При чтении вслух слушатель приобретает аудиторию для собственных излияний на тему прочитанного, которые обычно остаются никому не известными, – это описал испанский писатель Бенито Перес Гальдос в одном из своих «Национальных эпизодов». Донья Мануэла, читательница XIX века, отправляется в постель под предлогом того, что не желает возбуждаться чтением. Дело происходит теплой мадридской летней ночью, донья Мануэла полностью одета, гостиная освещена лампой.

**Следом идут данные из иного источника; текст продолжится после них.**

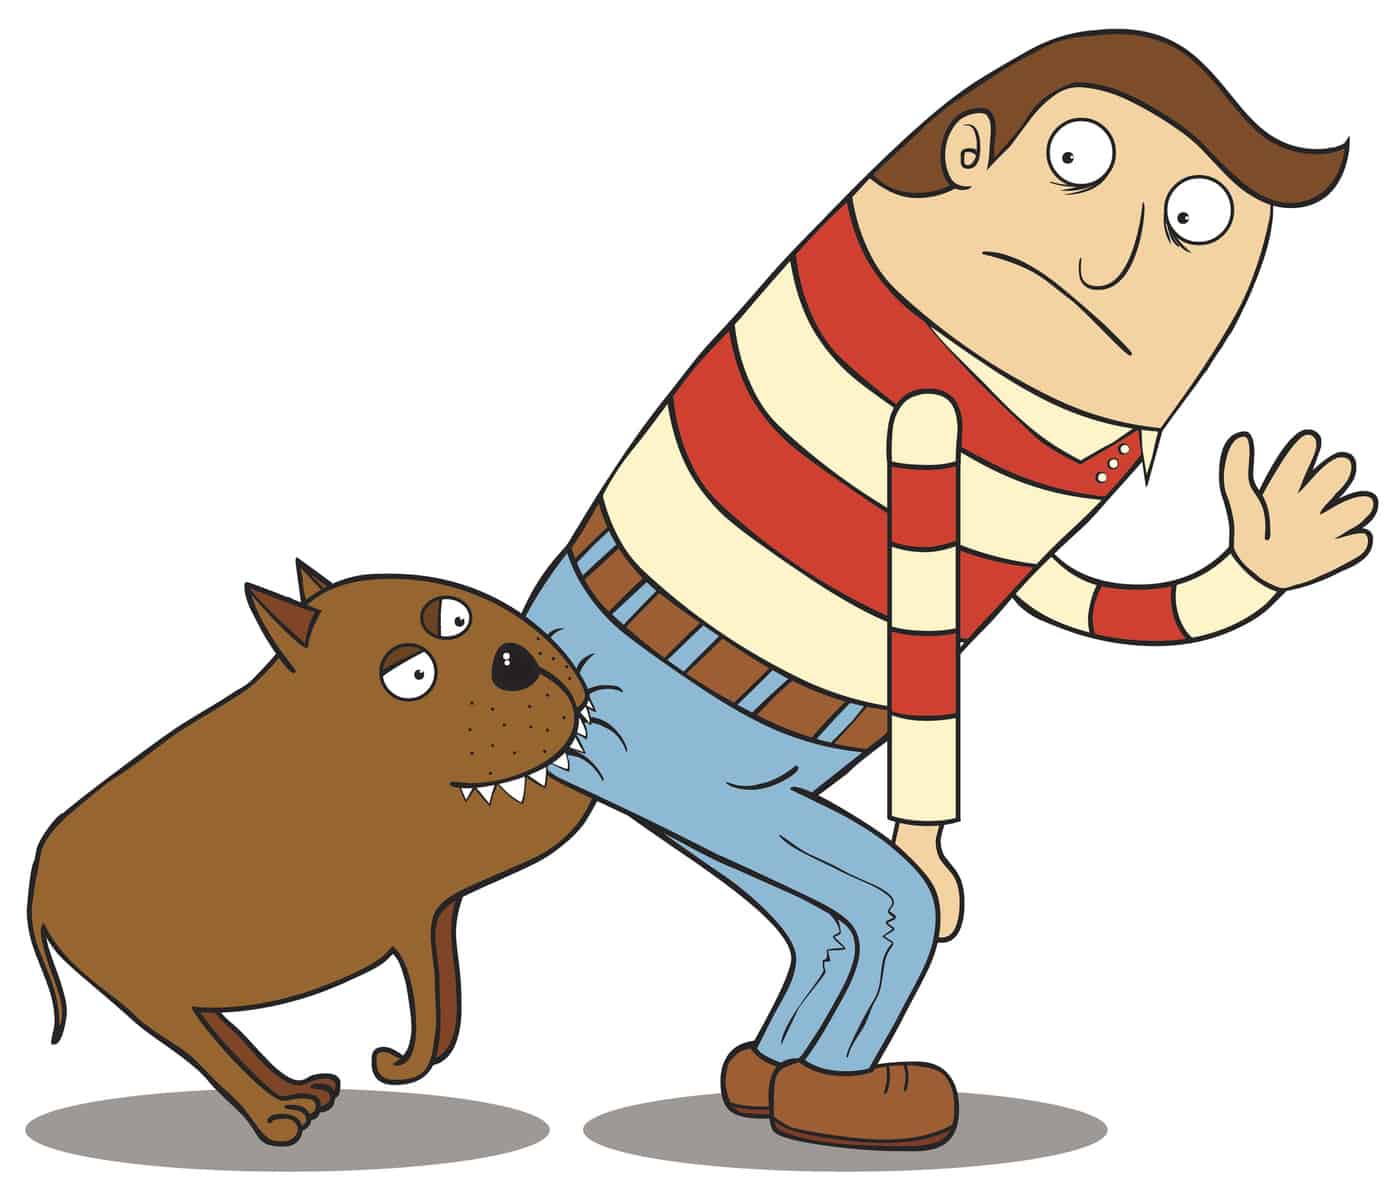 Cartoon of man bent over meanwhile his buttock bitten by dog.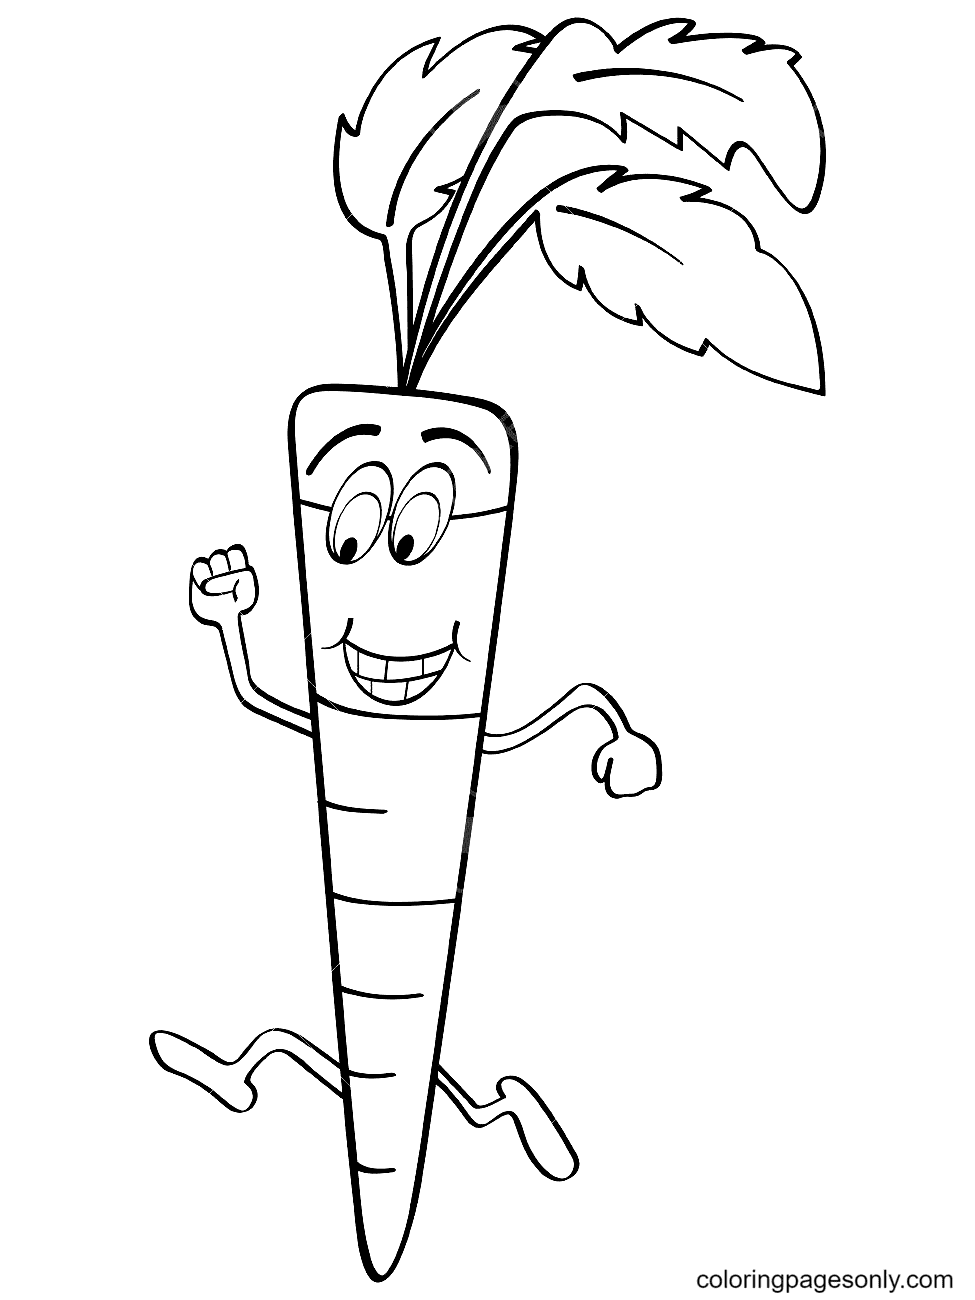 Funny Carrot Printable Coloring Page

Ее галантный кавалер, генерал Леопольдо О’Доннел, предлагает почитать ей вслух, чтобы помочь заснуть, и выбирает чтиво, которое нравится даме, «один из этих хитро закрученных романчиков, дурно переведенных с французского». Водя по строчкам указательным пальцем, О’Доннел читает описание дуэли, в которой молодой блондин ранит некого месье Массно:
– Как занимательно! – вскричала донья Мануэла, вне себя от восторга, – этот блондин, разве вы не помните, это же тот артиллерист, что приехал из Британии, переодевшись торговцем. И судя по его виду, он и есть настоящий сын герцогини… Продолжайте. <…> Но из того, что вы сейчас прочитали, – заметила донья Мануэла, – выходит, что он отрубил Массно нос?
– Похоже на то. <…> Тут ясно сказано: «Все лицо Массно было залито кровью, которая двумя ручейками стекала прямо на его роскошные усы».
– Я очень рада… И поделом ему, да еще и мало этого. Посмотрим, что еще нам автор расскажет[261].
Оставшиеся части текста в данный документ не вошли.